Data processing with Akka Actors: Part II

9 minute read

In the first article in the Data processing with Akka Actors series, I have introduced a problem that we are trying to solve. There was some talk about actors and how to organize them into an actor hierarchy. Then we got deep into details while implementing two simple actors with Scala describing message flow protocol between them and explaining the relationships among actors in the defined actor hierarchy.

Supervisor Actor and Ingestion Actor are already implemented and discussed in detail and if you remember the actor hierarchy diagram from the first article you know that we are going to implement two more actors: Master Actor and Worker Actor. Since Master Actor is the brain of our application and most complex among all actors, who is responsible for distributing incoming requests to workers and gathering results from them when data processing is finished, we will first implement Worker Actor.

Worker Actor

object Worker {
  final object ResultRequest
  final case class ResultResponse(id: Int, state: Map[String, Long])
  final case class Date(month: String, year: Integer, hour: Integer)
  final case class Log(ip: String, date: Date, url: String, status: String)

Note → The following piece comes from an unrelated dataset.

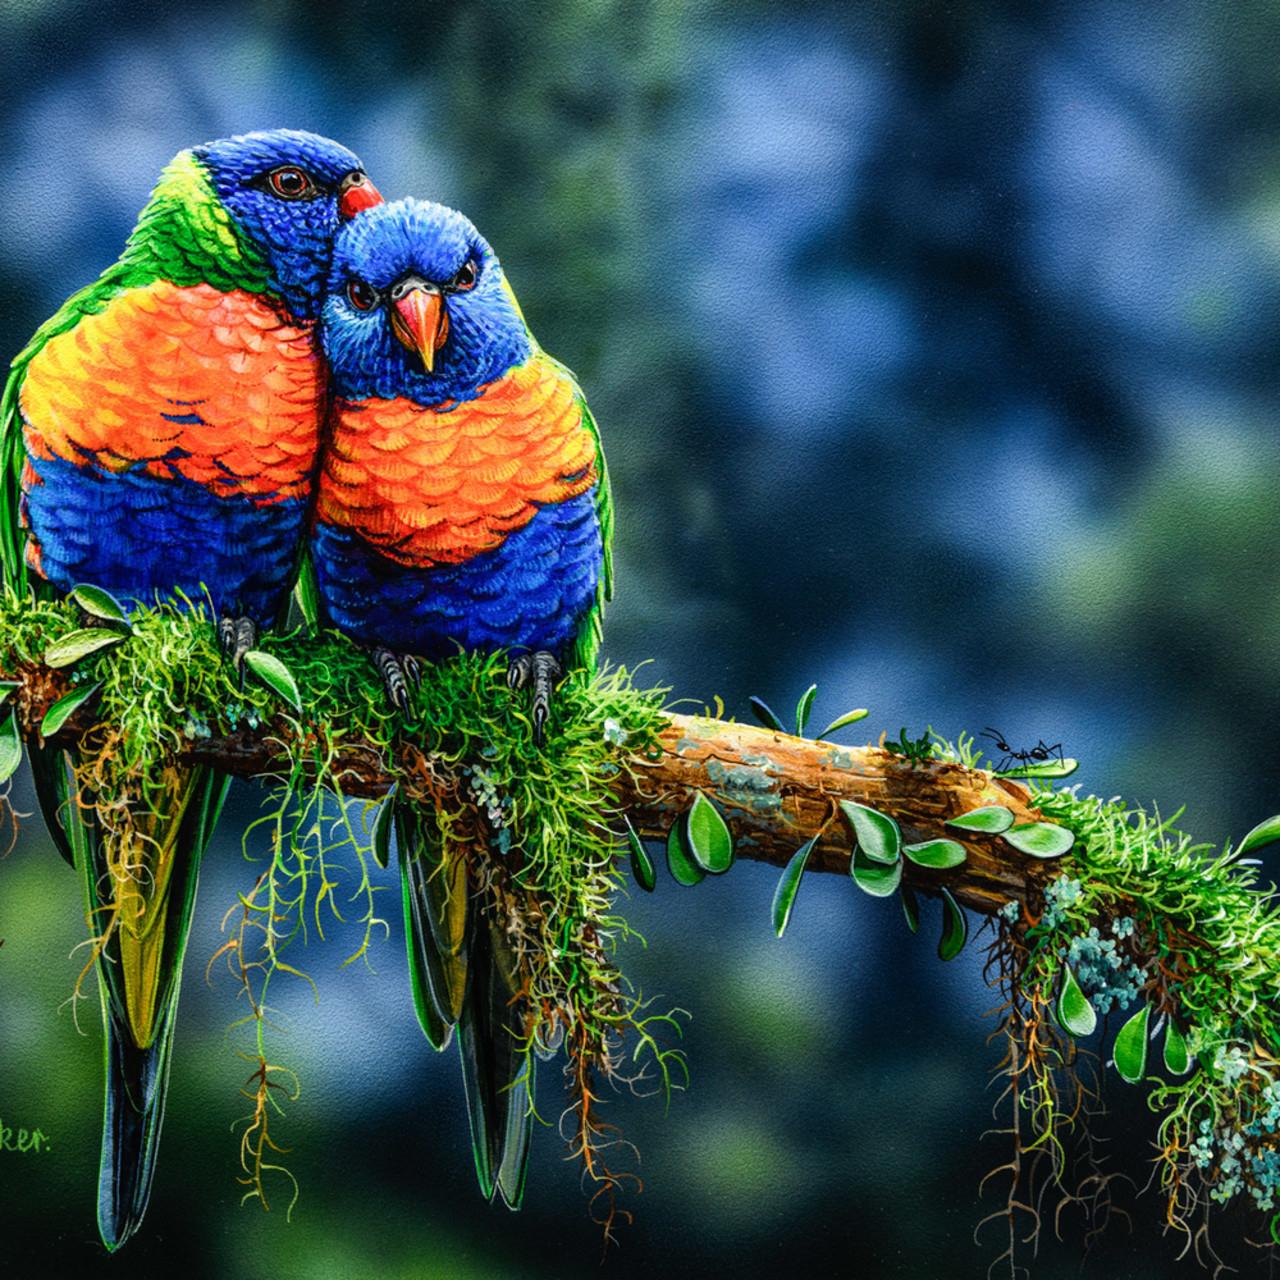 Morning snuggles   rainbow lorikeet natalie jane parker australian native wildlife ahjelc

  def props(id: Int) = Props(new Worker(id))
}

Here is some already familiar pattern where the first is implemented actors companion object, where message protocol is defined and also factory method that returns actor wrapped in a Props class which is immutable configuration object used for creating new actors through actors system or actor context. If something is not clear in the previous sentence I recommend reading this page of Akka official documentation.

Now let’s talk about the message protocol. There are four defined messages:

  • ResultRequest is a message that is received by Master Actor, when there is no data left to process, which means, as a name suggests, that worker actor should return aggregated processing results to Master Actor.
  • ResultResponse is, as you assumed, a message that contains all data processed by a worker.
  • Date and Log case classes are our domain objects which are constructed from Line message received by Master Actor.

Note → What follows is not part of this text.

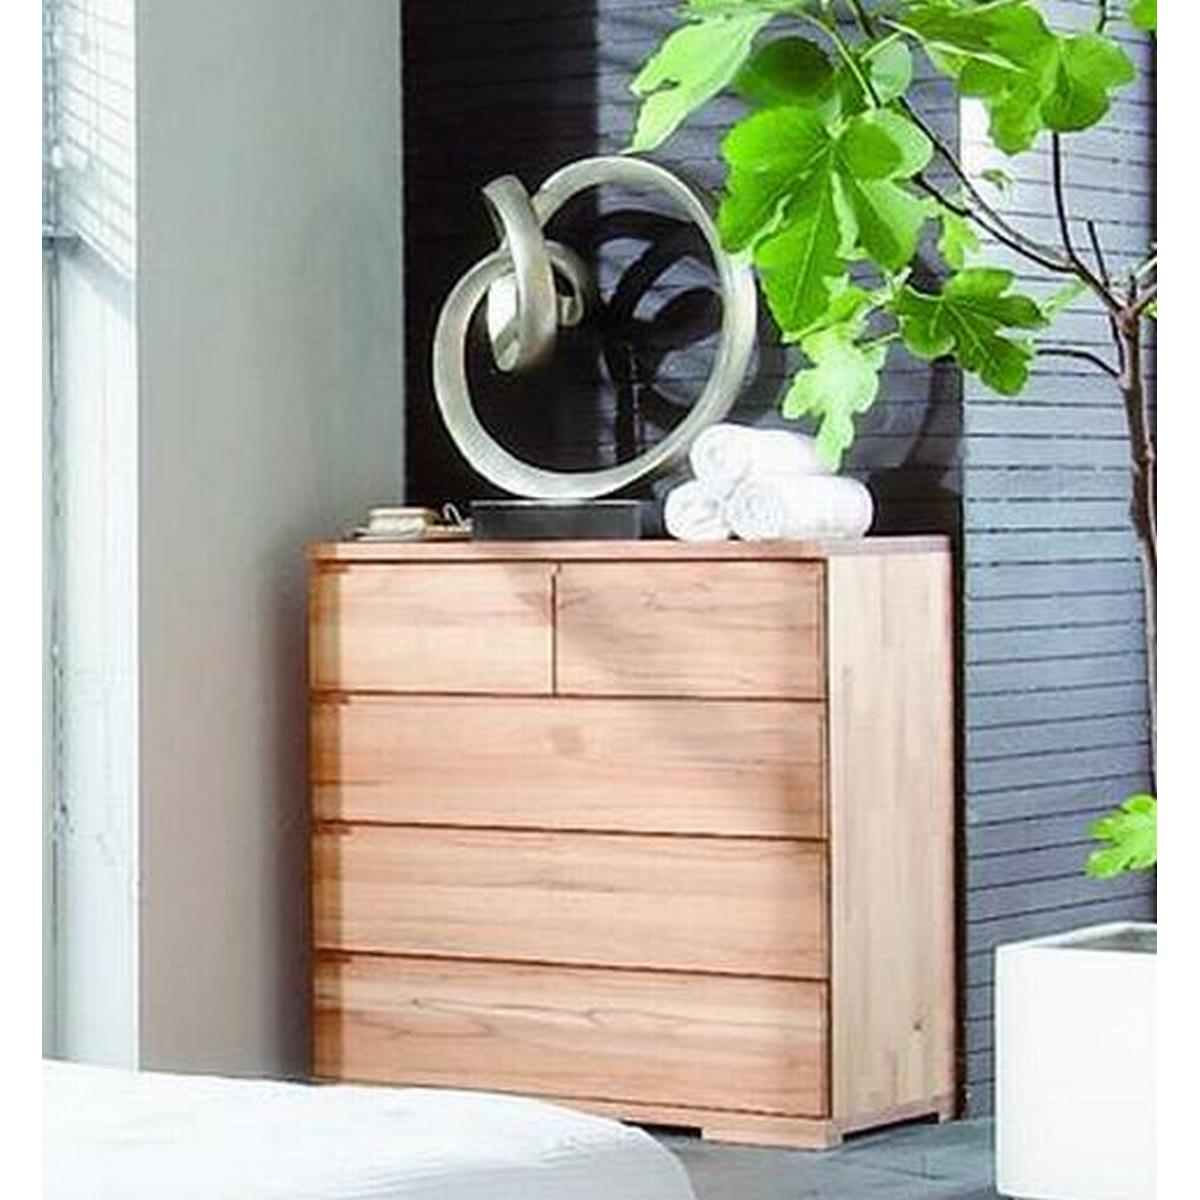 schlafzimmer kommode schubladenkommode b holz kernbuche. Black Bedroom Furniture Sets. Home Design Ideas

By now, as we are already familiar with a message flow through actors, we know that Line is just a wrapper class around line read from source by Ingestion Actor sent to Master Actor and finally forwarded to one of the Worker Actors. The goal of our application is to count the number of occurrences of HTTP status codes from file reading it line by line. So upon receiving Line, Worker Actor should transform that to Log case class. So here is an implementation of that function:

trait WorkerHandler {
  import Worker._

  def toLog(line: String): Log = line.split(",").toList match {
    case ip :: time :: url :: status :: _ =>
      val date = time.substring(1, time.length).split("/").toList match {
        case _ :: month :: timeParts :: _ =>
          val year = timeParts.split(":")(0).toInt
          val hour = timeParts.split(":")(1).toInt
          Date(month, year, hour)
      }
      Log(ip, date, url, status)
  }
}

This implementation relies heavily on pattern matching because I like the way it allows us to deconstruct case classes and collections. If you want to found out more about pattern matching in Scala or you are not very clear about it, feel free to reach me or read this.

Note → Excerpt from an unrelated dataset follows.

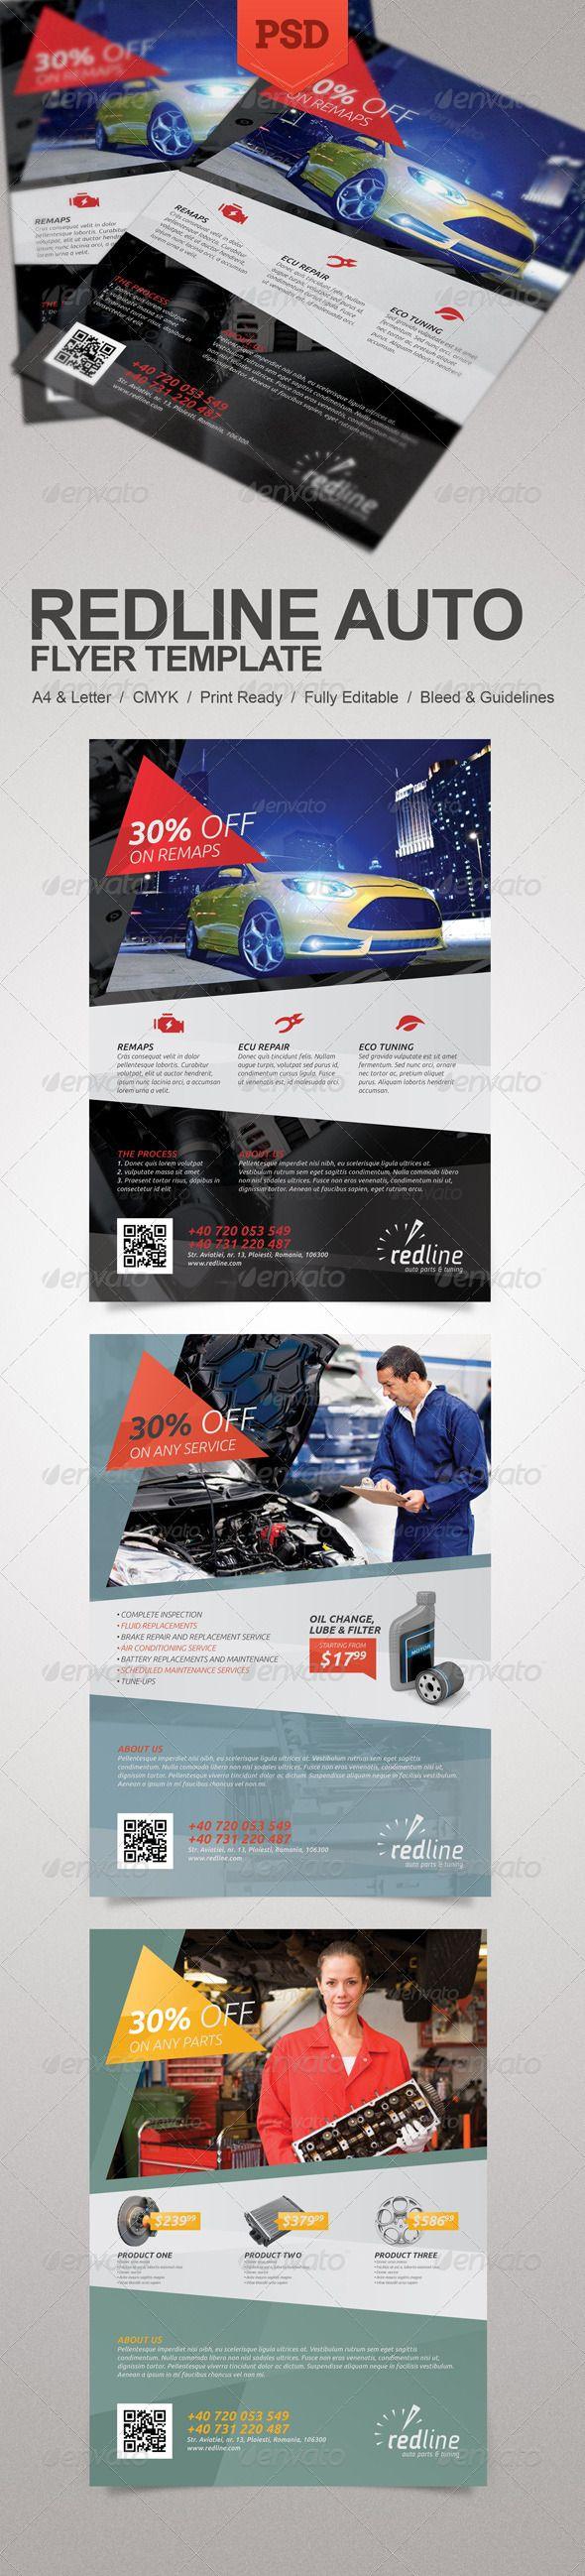 Auto body repair checklist template success success auto repair shop - Redline Auto Flyer

Finally, let’s review Worker Actor implementation:

class Worker(id: Int) extends Actor
 with ActorLogging
 with WorkerHandler {
  import Worker._

  type StatusCode = String
  type Count = Long

  var state: Map[StatusCode, Count] = Map.empty

  override def receive: Receive = {
    case Ingestion.Line(text) =>
      val status = toLog(text).status
      state.get(status) match {
        case Some(count) =>
          state += (status -> (count + 1))
        case None =>
          state += (status -> 1)
      }
    case ResultRequest =>
      sender() ! ResultResponse(id, state)
  }
}

There are only a few lines of code, but to be sure let’s examine all details.

Starting from the beginning we could see state variable where processing results are stored.

var state: Map[StatusCode, Count] = Map.empty

Upon receiving Line message, Worker Actor transform it to Log and then update state with next logic:

state.get(status) match {
  case Some(count) =>
    state += (status -> (count + 1))
  case None =>
    state += (status -> 1)
}

Here we have some pattern matching again. Since Map from Scala Collections returns Option[T], we are able to pattern match against it. If there is some value we will get Some(value) and if value the is absent we will get None. To learn more about Option type check this.

And that is a full implementation of a Worker Actors, simple as that. But to improve our actor design, let’s remove the state variable, and just pass it through behavior, like this:

override def receive: Receive = process(Map.empty)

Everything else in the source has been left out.